# question



## Manolito (Nov 26, 2011)

I am upgrading my medical kit. I currently stock US Battle Dressings. My reading tells me I should replace them with israeli trauma dressings. Your thoughts are appreciated. I know the use of tourniquets has changed over the years and I want to add one to my kit a recommendation would be appreciated. Do I need to include a Celox or quick clot dressing to the kit?
Respectfully,
Bill
Keep in mind my training is only to the EMT B level


----------



## policemedic (Nov 26, 2011)

Don't fret about the EMT level; CLS Soldiers aren't EMTs and they can play with needles.

I used to swear by Israeli dressings; they always worked well for me.  However, on the advice of one of our SSSO senior medics, my last order was for H bandages.  So far, I've not had a need to use one except for training/familiarity.

For tourniquets, I carry CATs; others prefer SOF tourniquets such as this one http://www.chinookmed.com/cgi-bin/category.cgi?item=05149 .  I have a friend whose unit is supposed to be doing a study of which TQ is demonstrably, quantifiably the best based on objectively measurable, diverse, and technical criteria.  When the results are published, I may change my recommendation on which TQs to carry.  In any case, both CAT TQs and SOF Tactical TQs are NSN items.

I would definitely opt for QuikClot...order the Combat Gauze version.  

What else are you carrying?


----------



## medicchick (Nov 26, 2011)

Go for Israeli bandages, they are worth it in terms of quality and versatility.  A tourniquet is good, if properly used.  I had to use 2 in civilian EMS, both times when finger pressure point compression wasn't enough.  Rangerpsych knows what kind we have, I don't remember off hand, just make sure you use it as a last resort.


----------



## fox1371 (Nov 26, 2011)

+1 on H-bandages. 
+1 on the Quickclot advice as well. 

I use the regular CAT tourniquets and I've never had any issues with them.  They're very simple and IME get the job done.  I also feel that it "appears" easier to operate, so if somebody in my vehicle who hasn't had any experience with them needs to use it, they can figure it out pretty quickly.

Another thing I would throw in there, if you haven't already, are SAM splints.  These things are awesome.  They have a variety of uses and are extremely adaptable to stabilize almost any break.   
http://sammedical.com/sam_splint.html

Burn gel is another great thing to have in a medical kit. 

My .02


----------



## Diamondback 2/2 (Nov 26, 2011)

I have used the Israeli bandage on a few people, they have worked well and they are quite fast. I have no experience with the H-bandage though. ACE wrap and gauze works really good too. Some form of a clotting bandage is a good item. The SOF tourniquets work really well, but honestly a ratchet strap is faster and they are duel role as you can use them to also stabilize a leg/arm,  strap someone to a board, etc (just use padding when using as a tourniquet, ace wrap is easy). Nasal tubes for airway, J tubes still work but the nasal tubes are faster and easier IMO.  Get a couple HALO chest seals, and a needle for tension pneumothorax needle decompression.

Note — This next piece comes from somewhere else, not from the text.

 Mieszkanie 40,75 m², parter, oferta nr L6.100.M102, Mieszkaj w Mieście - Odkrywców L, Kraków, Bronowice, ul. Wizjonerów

I would say those items are top priority for me…


----------



## Ranger Psych (Nov 26, 2011)

medicchick said:


> Go for Israeli bandages, they are worth it in terms of quality and versatility. A tourniquet is good, if properly used. I had to use 2 in civilian EMS, both times when finger pressure point compression wasn't enough. Rangerpsych knows what kind we have, I don't remember off hand, just make sure you use it as a last resort.


 

TQ's we have here are the originally issued ratchet strap ones.  They work good enough for our purposes now.


----------



## amlove21 (Nov 26, 2011)

Alright- throw out your israeli bandages. Stock H dressings (GREAT piece of kit) and the new Olaes (http://www.google.com/products/cata...a=X&ei=vAjRTrSSH4rw8QOw3KX2Dw&ved=0CFQQ8wIwAA) They are CRAZY multi use- large wound, you can pull out the interior gauze and pack, they come with a plastic piece meant to put pressure directly on the wound when wrapped tightly but works GREAT as an eye bandage if you need one, and a plastic sheet that works wonderfully for an improvised chest seal. Seriously, the Olaes is one of the best pieces of kit out there. 

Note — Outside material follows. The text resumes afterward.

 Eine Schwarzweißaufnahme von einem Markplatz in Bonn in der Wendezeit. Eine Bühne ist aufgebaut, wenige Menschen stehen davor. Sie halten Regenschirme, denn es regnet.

For hemostatics I prefer the Chito Gauze (http://www.google.com/products/cata...a=X&ei=fwnRTtGnF4nZ8gPqh7DKDw&ved=0CEUQ8gIwAA) or the Combat Gauze (with radiopaque strip). Both are TCCC recommended and work really well (personal experience). 

HALO or the new Hyfin chest seals are sick, they work really well. I like the new Hyfin a lot, and thats from a guy that hated the old one. The new gel they are using on they Hyfin is bomber. (http://www.google.com/products/cata...a=X&ei=KwrRTuOEC4m_8gOjzPW_CA&ved=0CEIQ8gIwAA)

+1 on the SAM splint
+1 on the SOF-T TQ (CAT is alright too, I prefer the SOF)

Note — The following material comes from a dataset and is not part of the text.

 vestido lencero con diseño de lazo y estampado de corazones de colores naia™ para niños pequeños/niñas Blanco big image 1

All this aside- get good at your basics and you wont need any fancy kit. Give me gauze and some ace wraps, a stapler and a chest seal, and the proper training and there arent many wounds out there you cant handle.


----------



## Manolito (Nov 26, 2011)

Thanks for all the great help. I agree getting good at the basics is manadatory. I am just going through updating some of the kit. I carried this kit and over time it evolved. I carry a lot of 4x4s and triangular bandages than anything special. I have an old chest kit for a sucking chest wound but I may upgrade. I only want to take care of us. I will be honest I would have left it the way it was but the wife is on a big push for being prepared for a longer period up too three months.
Bill


----------



## policemedic (Nov 26, 2011)

If that's the case, have you considered the need for an extended supply of OTC meds, and any prescription meds you take?


----------



## Muppet (Nov 26, 2011)

Looks like it has all been covered. You have some sound info here bro.

F.M.


----------



## QC (Nov 26, 2011)

Nice info guys, made notes and added some to my list.


----------



## Manolito (Nov 27, 2011)

I had my Dr. write a scrip for three months and then I rotate the meds. Being able to count on you folks for the expertise is nice and saves a lot of money in trial and error. I had the Doc prescribe a eppy pen and some strong narcotic pain killers also. She gave me some samples also.
What I don't have is water  purification. Where I live I have a spring 2K yards away but I don't have any purification. Because of where I live I will hunker not move out. I keep three tubes of super glue for closure works pretty well so far no reaction to it. If you think of anything else post it up please.
Bill


----------



## pardus (Nov 27, 2011)

WTF is an H dressing and why the fuck do I not know about it???
I just finished the most advanced (non SOF )medic course the Army offers as far as I know! 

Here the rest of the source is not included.